Aquilo que Pablo Hasél escreve não é muito diferente do que nós, jornalistas, muitas vezes fazemos. É constatar factos mas através da música. Numa entrevista que deu dias antes de ser detido pela polícia, o músico e activista falou sobre esta longa caça ao homem que é também um atentado ao direito da liberdade de expressão, da qual retirámos alguns excertos que ajudam a pintar este triste quadro:

“Isto não são delitos de opinião. Eu, se fui condenado à prisão, especialmente esta última condenação, foi por falar sobre factos objectivos e amplamente provados. Já nem é só sobre o tema da monarquia. É, por exemplo, o tema dos assassinatos por parte da polícia, como o de Iñigo Cabacas, em El Tarajal. São as torturas que eu denunciei, em que até o Tribunal Europeu dos Direitos Humanos condenou o estado espanhol por isso. Eu não estou a opinar. Eu estou a relatar uma realidade. Eu coloco este exemplo, do que se passou durante a Inquisição: antes queimava-te por negares que a Terra é plana e agora prendem-te por contares o que a polícia ou a monarquia estão a fazer ou aquilo que se passa nas prisões.”

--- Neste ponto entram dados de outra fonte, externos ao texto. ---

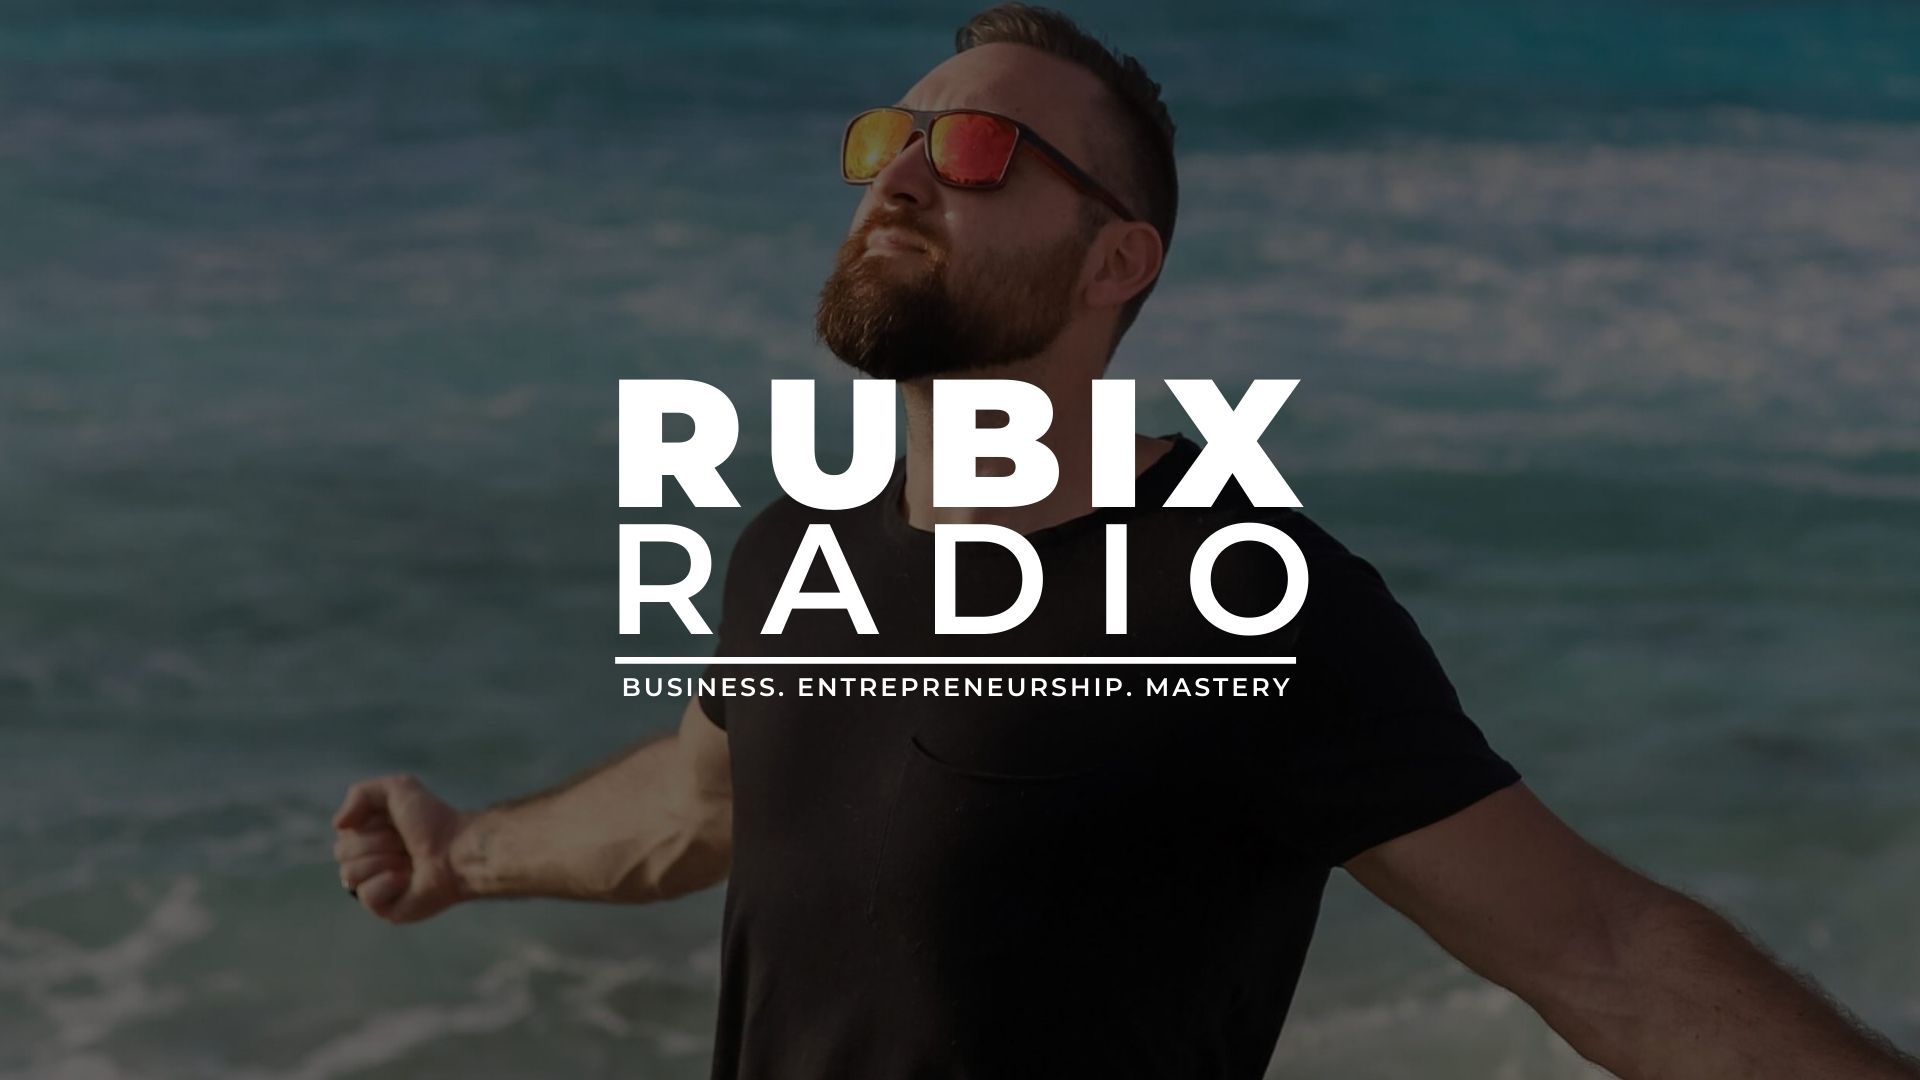 Rubix radio Podcast with Lucas Rubix - Build your online business 1

“O estado espanhol é muito vingativo. Tenho vindo a levar golpes de todo o tipo nos últimos dez anos. Não apenas com condenações de prisão, porque a repressão vai muito para alem disso. São muitos anos embargado. Eu não posso sequer ter uma conta no banco por devo milhares e milhares de euros em multas, não só por pelas músicas que faço mas também por outro tipo de lutas. Tenho uma grande dificuldade em encontrar outro trabalho à parte do meio artístico por ser conhecido pelo que sou. As pessoas metem o meu nome no Google e, claro, aparece o que aparece e as empresas não têm interesse em contratar-me. E ainda sofro de assédios policiais de todo o tipo, não só eu mas também aqueles que se encontram à minha volta.”

“Mesmo com toda essa pressão, não me conseguiram fazer quebrar. E é isso que os deixa ainda mais irritados. ‘Atacámos-te de todos os lados e ainda não te conseguimos subjugar, então vamos mandar prender-te.’ Mas eu creio que, a esta altura, eles já sabem do facto de que, se me prenderem, eu não vou vacilar. Quanto muito dão-me um castigo ainda maior e que sirva, por um lado, para assustar os outros, mas também para me foderem.”

Em Portugal, nas últimas horas, a Plataforma Liberdade Pablo Hasél tem vindo a ganhar força e lançou uma petição que pede a libertação imediata do rapper e reclama pela ajuda do governo português. Entre os quase 3000 assinantes encontram-se nomes como Capicua, Tristany, Keso, Valete, Vhils, Maze, Xinobi, Rastronaut ou Marta Ren. Não é esta a Europa que queremos e não podemos compactuar com quem quer governar através da opressão.